A systematic review featured a single RCT (n=185) comparing the effect of a 12-month vs 24-month interval between dental visits on dental caries in low-risk 3- to 5-year-old children with primary teeth and young adults, ages 16 to 20 years, with permanent teeth.1 The outcomes of caries (ie, decayed, missing, filled surfaces increment) between the 12- and 24-month visits both in younger children (mean difference [MD]= -0.90; 95% confidence interval [CI], -1.96 to 0.16) and young adults (MD= -0.86; 95% CI, -1.75 to 0.03) did not differ.

Gingivitis: Not an issue when visits were delayed in healthy adults

Another systematic review (3 RCTs; N=836) evaluated the benefits associated with scaling and polishing in the prevention of gingivitis (primary outcome measure).2 One RCT (n=207) compared scaling and polishing at 6- and 12-month intervals to no treatment for 24 months in adults with healthy dental histories.
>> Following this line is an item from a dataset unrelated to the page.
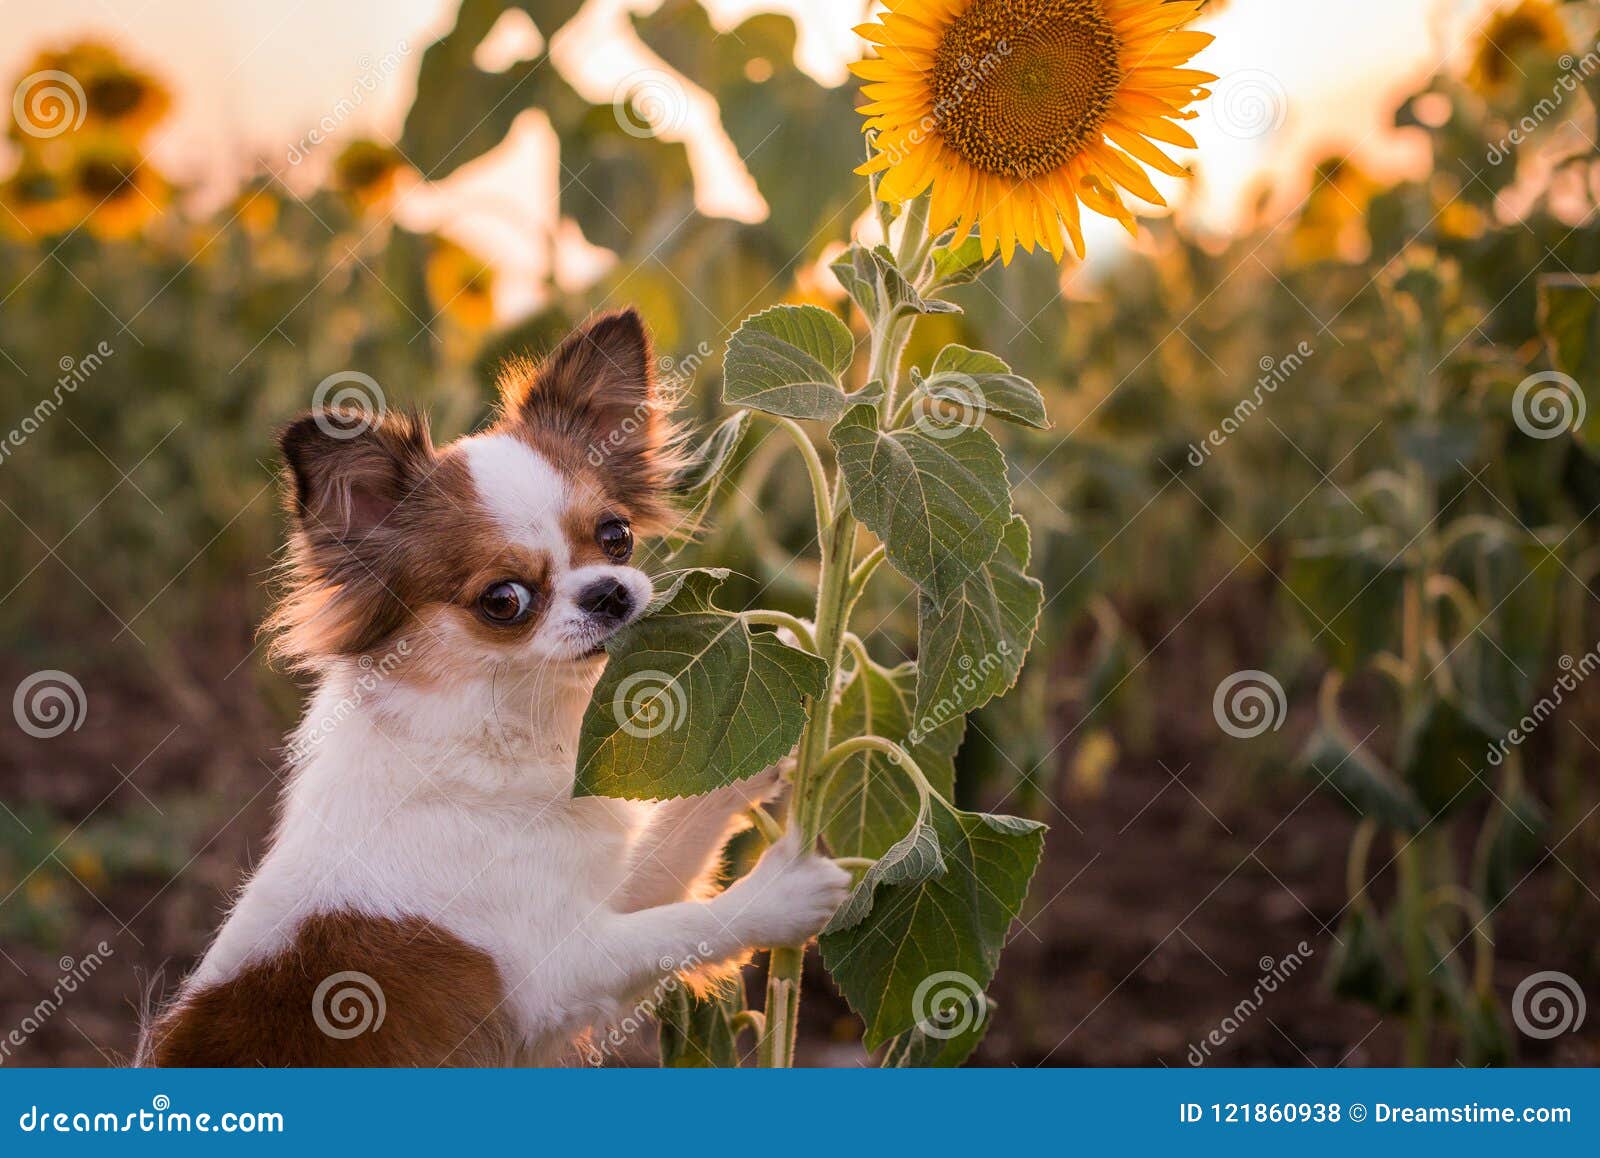 摆在向日葵前面的狗 库存图片. 图片 包括有 似犬, 特写镜头, 摆在, 斯塔福郡, 绿色, 哺乳动物, 逗人喜爱 - 76375413

There was no difference in the percentage of index teeth with bleeding in the 6-month or 12-month treatment groups compared to the group that received no treatment for 24 months (MD= -2%; 95% CI, -10% to 6% and MD= -1%; 95% CI, -9% to 7%, respectively).

2 visits/year prevents tooth loss in high-risk patients

A retrospective cohort study (N=5117) using 16 years of data evaluated the association between one or 2 preventive dental visits per year and tooth extraction events in adults at low risk and those at high risk for progressive periodontitis.3 Those at high risk had at least one of the following risk factors: smoking, diabetes, or interleukin-1 genotype. Low-risk patients had no difference in tooth loss with one visit compared to 2 visits annually (absolute risk reduction [ARR]=2.6%; 95% CI, 0.5%-5.8%; P=.092); however, high-risk patients had fewer events with 2 annual visits (number needed to treat [NNT]=19; ARR 5.2%; 95% CI, 1.8%-8.4%; P=.002).